Two-dimensional classical electron gas in a periodic field: Delocalization and dielectric-plasma transition

Abstract
Results are reported of extensive molecular-dynamics simulations of a two-dimensional Coulomb gas made up of finite-size ions held fixed on the sites of a triangular lattice, and of classical electrons moving in the periodic field of the ions. The fixed-ion model maps the dielectric-plasma (or Kosterlitz-Thouless) transition of the Coulomb gas onto a delocalization transition of the electrons. The transition is characterized by a number of static and dynamic ‘‘diagnostics.’’ As the temperature is increased in the dielectric phase, electron self-diffusion and electrical conductivity set in at a density-dependent threshold temperature T1. The breakup of ion-electron pairs is signaled by a sharp peak in the specific heat at a temperature T2>T1. As T1 is approached from above in the plasma phase, the screening length diverges.
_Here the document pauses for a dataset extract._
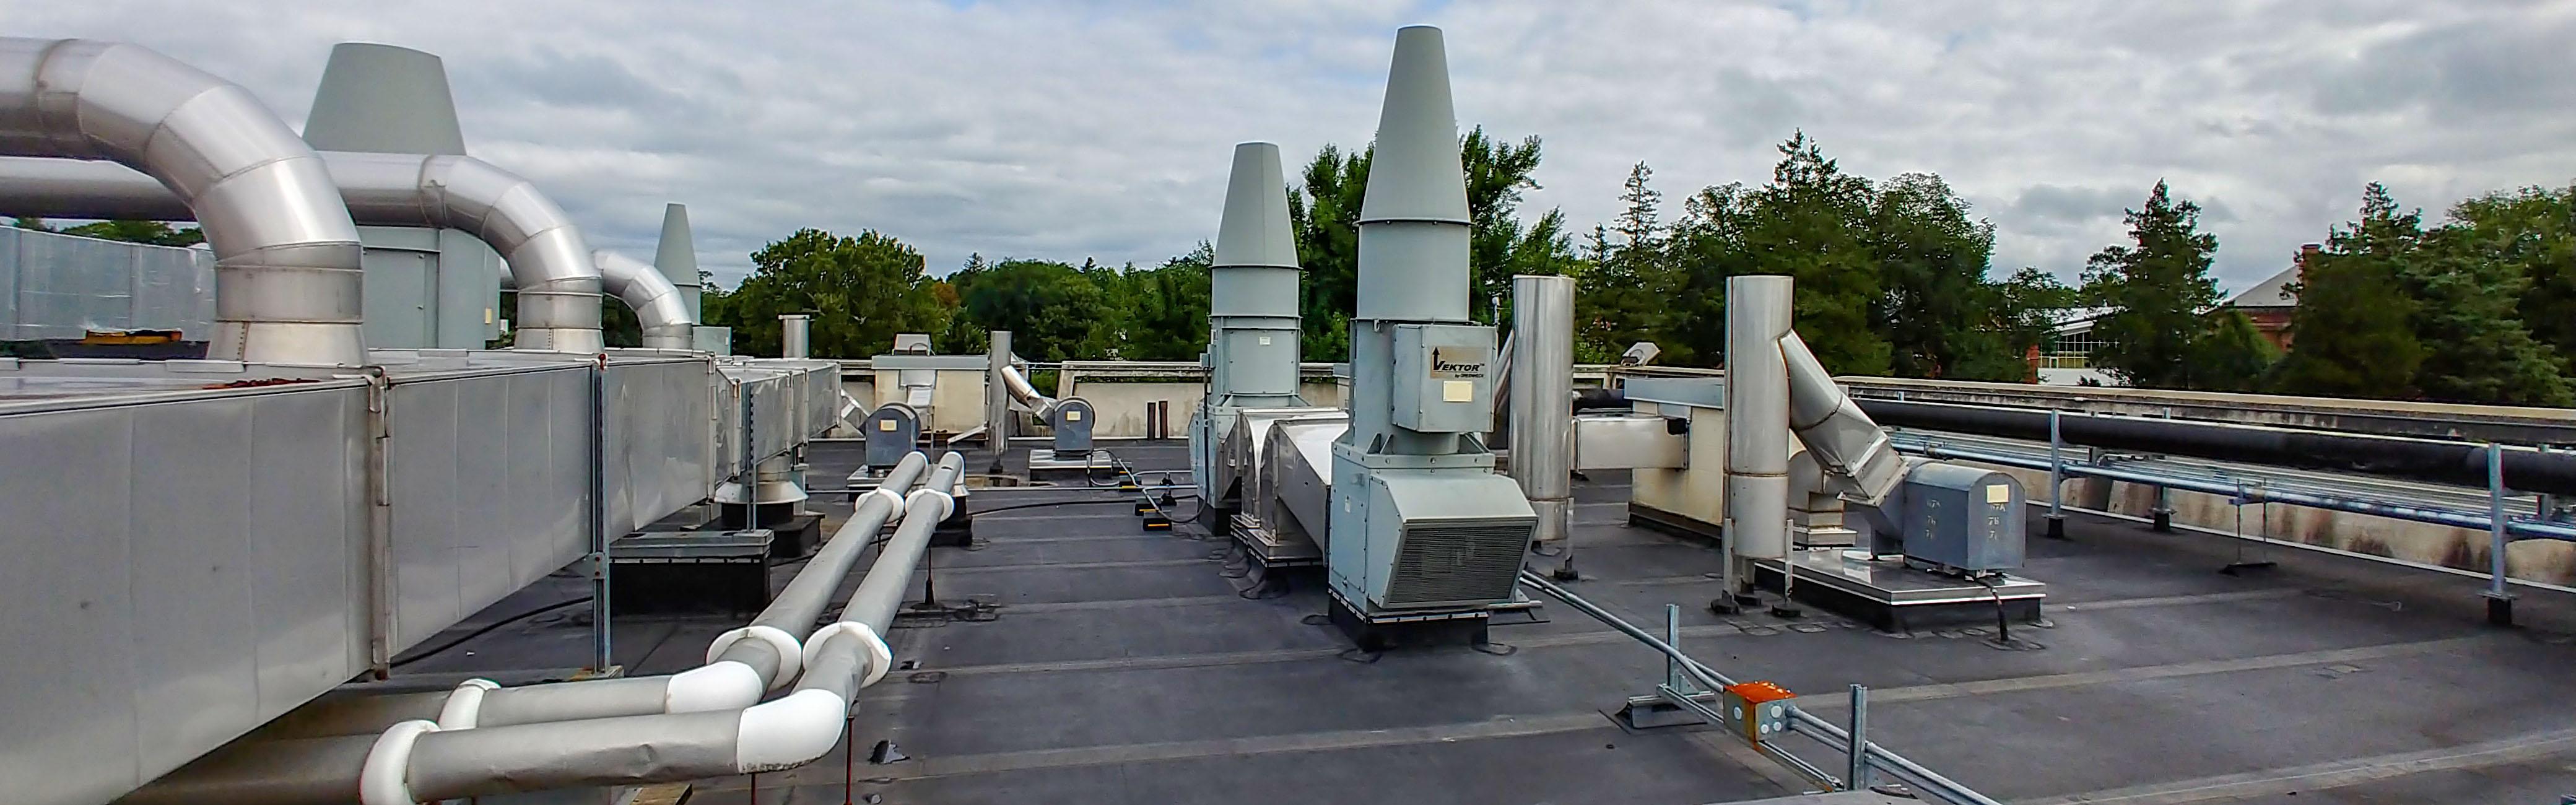 Rooftop Exhaust Fans

In the high-temperature plasma, the frequency of the long-wavelength collective charge oscillation (plasmon) mode decreases with T and the mode becomes overdamped by ion-electron recombination well before the threshold T1 is reached. The dispersion ω(k) of the mode exhibits an unexpected oscillatory behavior. The temperatures T1 and T2 increase as the density decreases and there is strong evidence that the low-density limit of the reduced temperatures T1*=kBT/e2 and T2* is 1/2 as compared with the value (1/4 expected for the mobile-ion case.